The moths lay eggs in April and start their first round of feeding at the flowering stage.

The pest would have a feast in Fresno. Though the Napa-Sonoma wine region grows the state's most expensive grapes, the San Joaquin Valley, and Fresno County in particular, is the nation's largest producer of grapes, including table grapes, juice grapes and raisins, Wright said.

Fully 80 percent of the raisins consumed around the world come from Fresno, he added.

In Napa, agricultural officials quarantined about 332 square miles across wine country on Wednesday after discovering the moth in at least 32 sites, said Elizabeth Emmett, a county spokeswoman.

Barry Bedwell, president of the California Grape and Tree Fruit League, said that growers are cautiously optimistic that the early detection of the moth in Fresno will mean it can be stopped before most grapes are in season.

Grapes are not harvested until late summer.

"Our confidence level is high that we'll be able to catch this on the onset," Bedwell said.

Still, growers in San Joaquin Valley face potentially major headaches and expenses. A quarantine means tarping truckloads of the fruit, washing tractors, mechanical harvesters and fruit bins before transport and submitting to inspections of fields, packing houses and processing plants.

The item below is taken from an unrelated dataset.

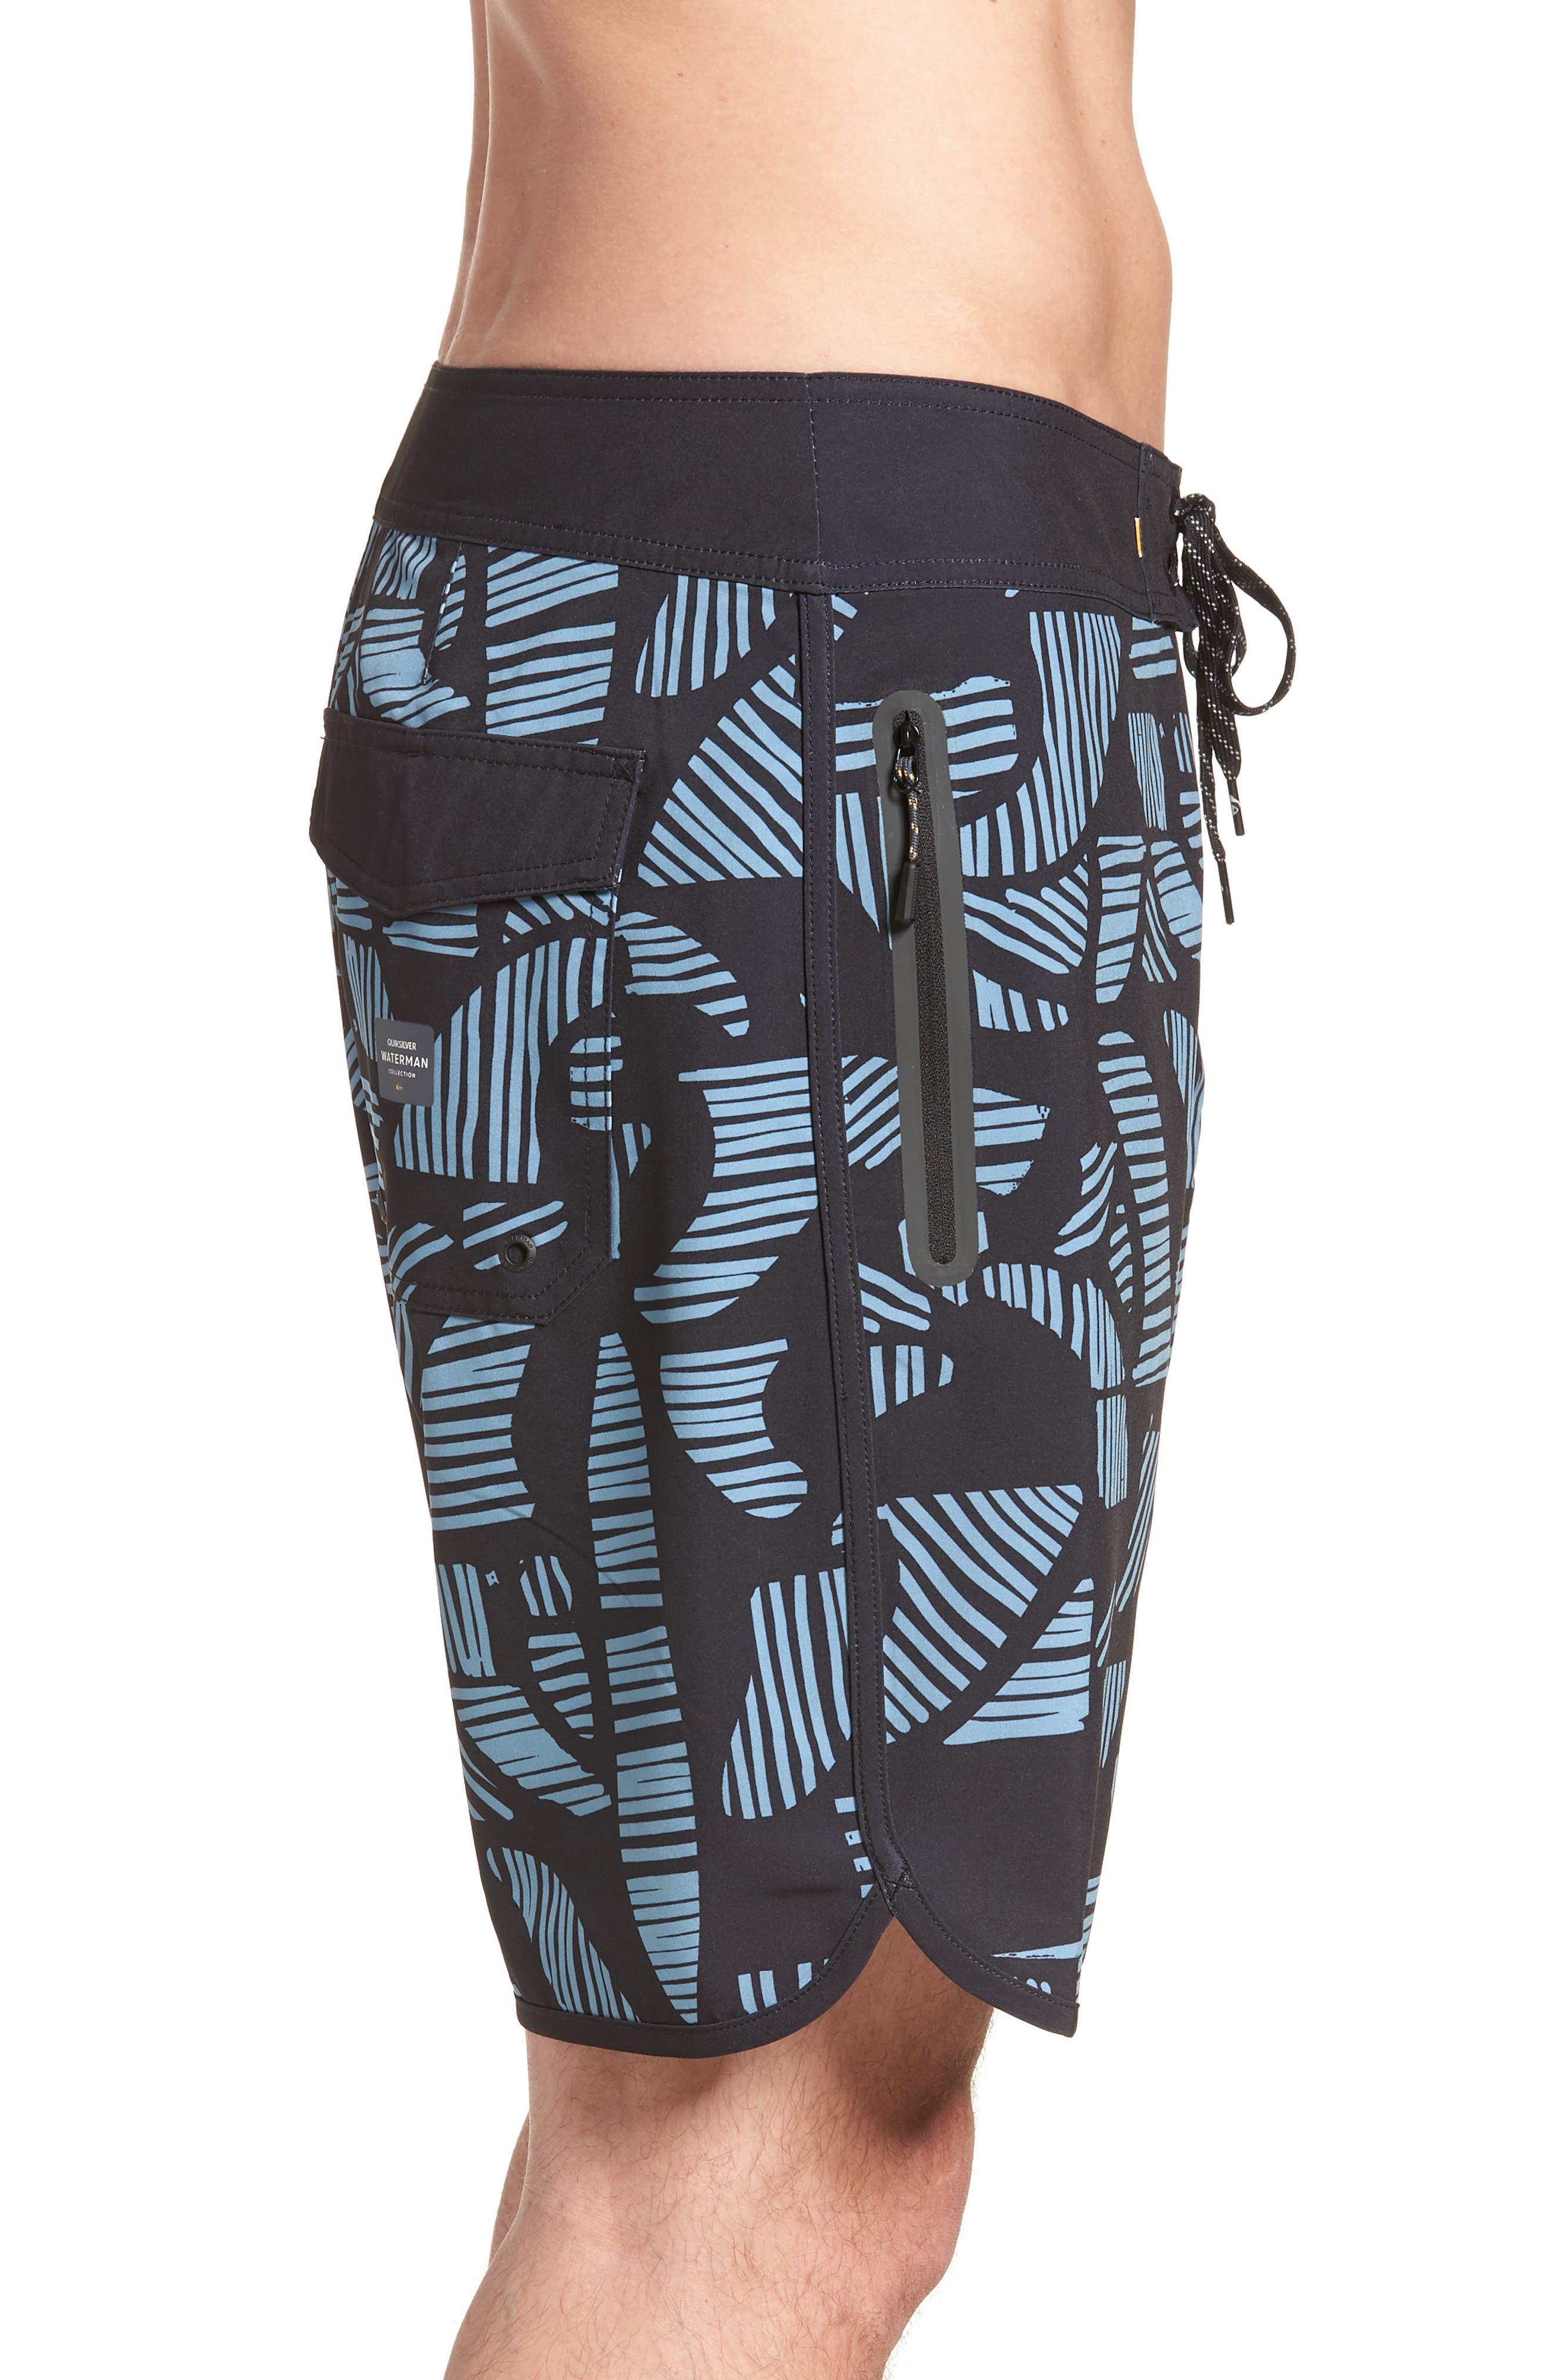 Odysea Board Shorts,                             Alternate thumbnail 3, color,                             002

Even the seeds and skins left after grapes are crushed have to be disposed of at a proper facility.

Bedwell, of the California Grape and Tree Fruit League, said that though farmers face hassles, if the grapevine moth infestation grows, it could affect the export trade.

"It's a huge problem even at the level that we've found it," Wright said. "We're still working out the details of the boundaries of the quarantine zone and what encompasses the procedure of moving the farm products out of that region. We don't have all the answers yet. "And we can't even begin to estimate the costs until we have more answers."